6. A pharmaceutical composition, characterized in that, The invention comprises the adenine base editing system according to any one of claims 1-5, and a pharmaceutically acceptable delivery vector; preferably, the delivery vector is selected from lipid nanoparticles or adeno-associated virus (AAV).
7. A method for in vitro repair of APC gene truncated mutations in colorectal cancer, characterized in that, include: Using the adenine base editing system according to any one of claims 1-5 in vitro cells, APC truncation mutations are corrected.
8. A kit for preparing drugs for the treatment of colorectal cancer, characterized in that, It comprises: a) the adenine base editing system according to any one of claims 1-5; and optionally b) a specification for delivering said system to target cells.

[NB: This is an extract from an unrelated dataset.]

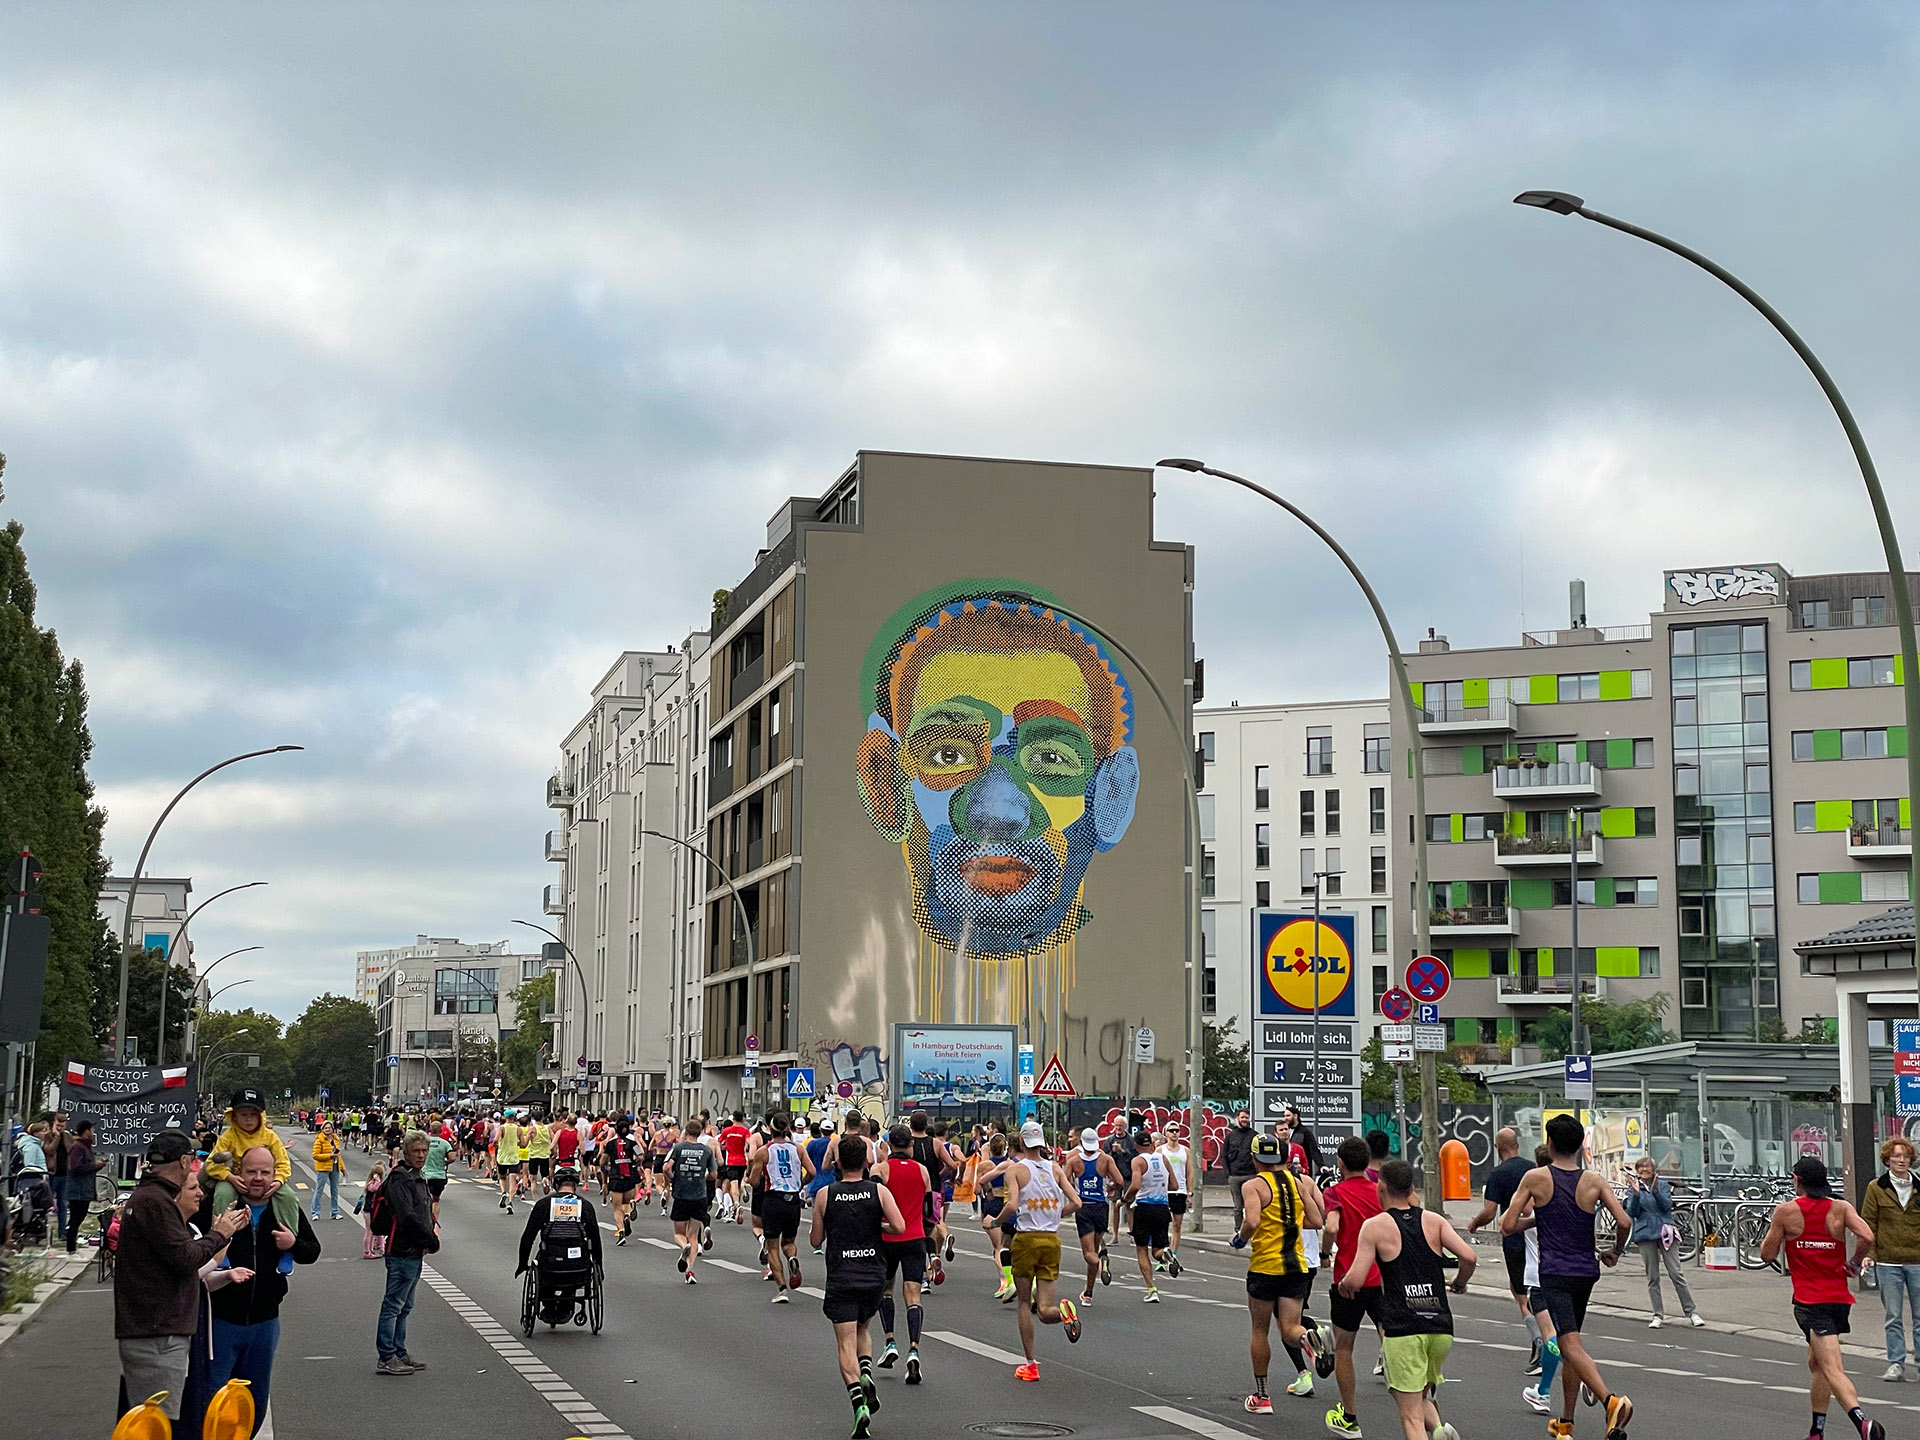 Face Time – Mural

9. The use of the adenine base editing system according to any one of claims 1-5 in the preparation of a medicament for inhibiting colorectal cancer.
10. An in vitro cell model for inhibiting colorectal cancer through base editing, characterized in that, The truncated mutation of the APC gene in the cell model has been repaired by the method described in claim 7.